BTW, just got home and did a brand new test. Tested TDS of my tap water, then I took the DI canister off my RO/DI unit, pulled the DI container out of the canister, and let the water drain into a cup that was sitting in the DI container. I last used my RO/DI filter on Saturday, 4 days ago. Results:
Tap water = 560 TDS
DI canister = 1330 TDS
Soooo.. maybe I won't be talking to my employer after all. ;)
After running water through RO/DI filter (7 stage Seachem w/ BRS filters, Spectrapure membrane) for 30 seconds post membrane flush, TDS = 0. It is that 1330 number that gives me the greatest concern. It proves to me without a doubt that bad stuff does get released from the DI resin back into the water if it sits. A 30 second flush of the DI chambers seems to solve those issues though, so it isn't a big deal as long as you do that 1 step.
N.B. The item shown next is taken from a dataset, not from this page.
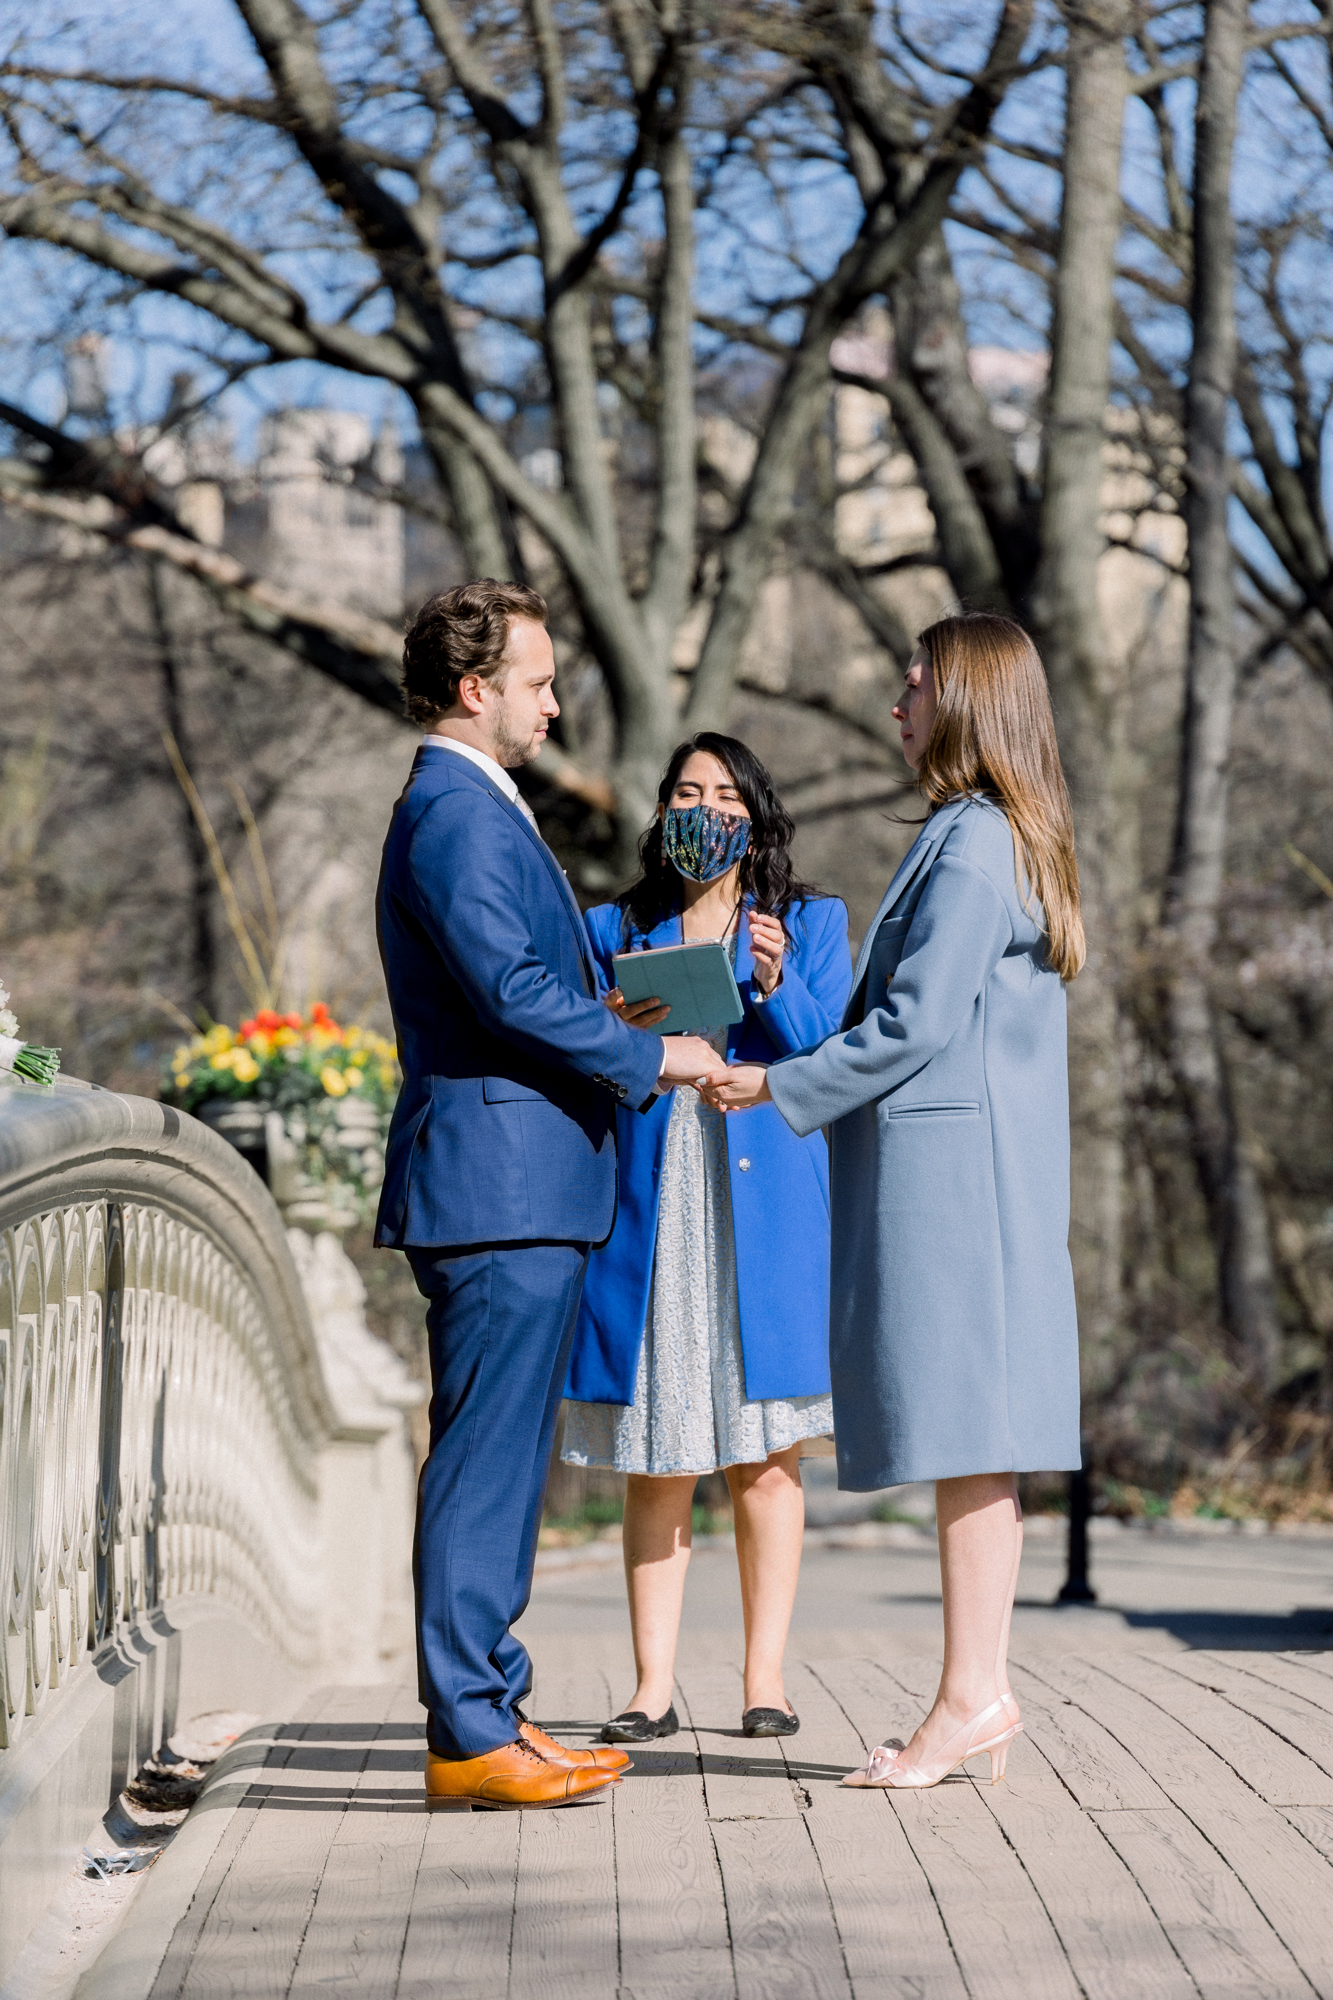 Charming Bow Bridge Wedding Photos Among Central Park's Spring Cherry Blossoms

Here is the thing I am a little confused about. When you put 2 DI canisters back to back, my thinking is canister 1 does ALL the work until the DI is all used up, then canister 2 takes over, because in theory it should be 0 TDS once it comes out of the first canister. So why did BOTH of my DI canisters get used up within days of each other, multiple times? Went through 8 bags of DI resin in a year because of that, now I go through 4 in a year. I would think having 2 separate canisters would not = 1 larger chamber because 1 canister can get the water to 0 TDS all by itself.
Floyd R Turbo
04-11-2012, 04:58 PM
I can attest to at least the fact that the stagnant DI water is above zero. not 1330, but definitely not zero. Actually I haven't tested the stuff right out of the DI in a while, I usually let it run for 30 seconds before even bothering. Next time, I will test it!
I have a question about DI filter replacement. At what PPM do you guys change the DI filter media? Mine has just started to read 1-2PPM TDS. I am only using it for top off as you all now I have scrubbers so I dont water change. My tanks (all three) usually need about 4-6 gallons per week for Kalk top off. Is 1-2 PPM TDS bad enough to change the DI media?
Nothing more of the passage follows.